**ASSIGNMENT:** Please output the listing that follows exactly, but keep all images out.

**RAW DATA:**
══════
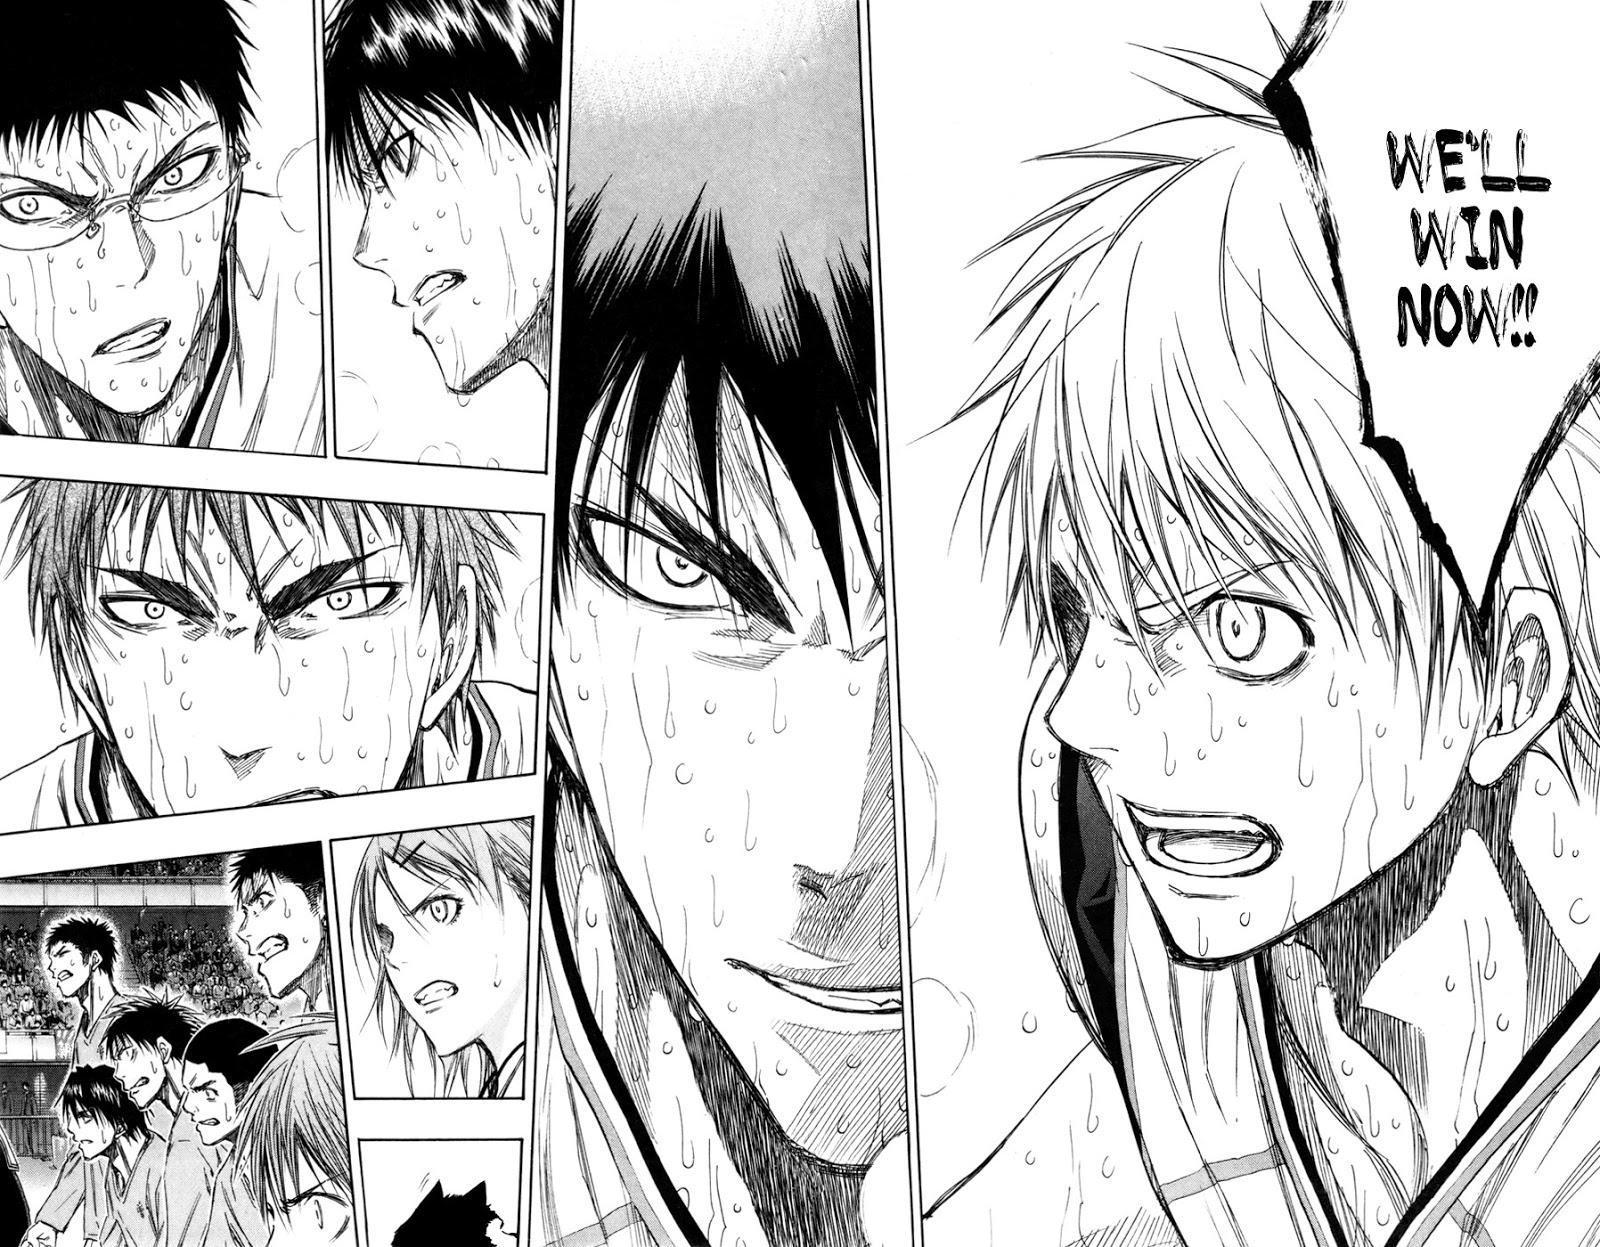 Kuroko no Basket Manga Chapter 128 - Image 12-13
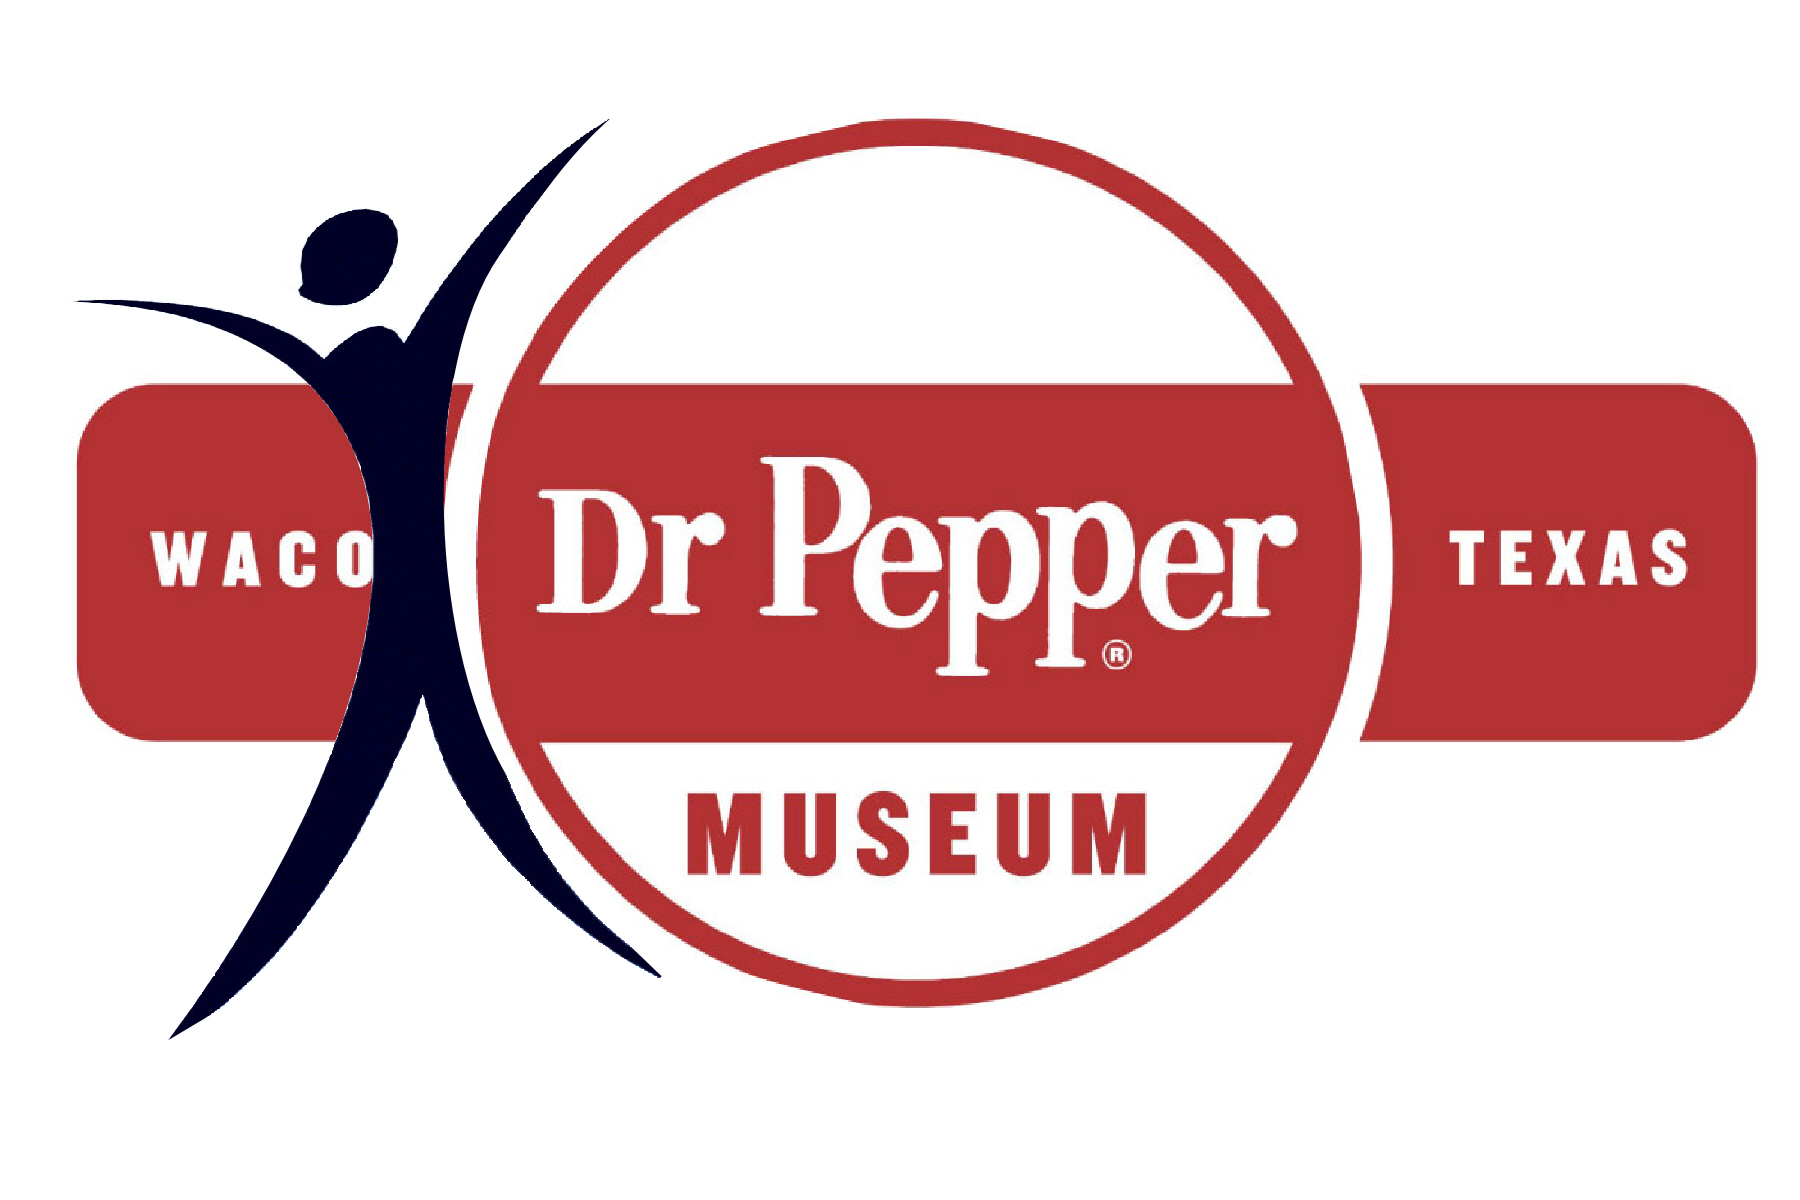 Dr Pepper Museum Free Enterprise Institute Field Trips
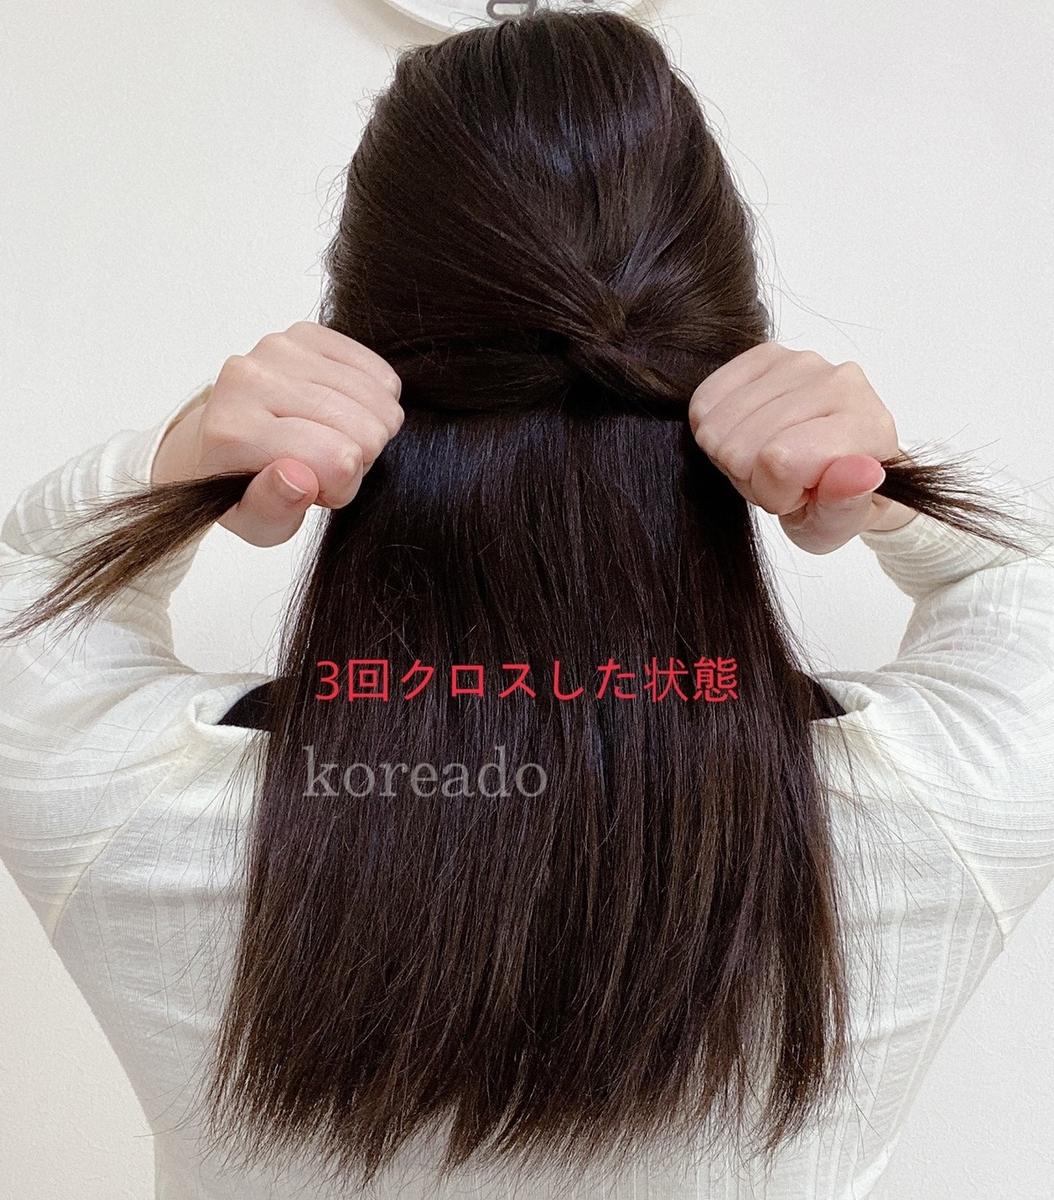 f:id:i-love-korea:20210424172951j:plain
══════
**RESULT OF THIS TASK:**
 Kuroko no Basket Manga Chapter 128 - Image 12-13
 Dr Pepper Museum Free Enterprise Institute Field Trips
 f:id:i-love-korea:20210424172951j:plain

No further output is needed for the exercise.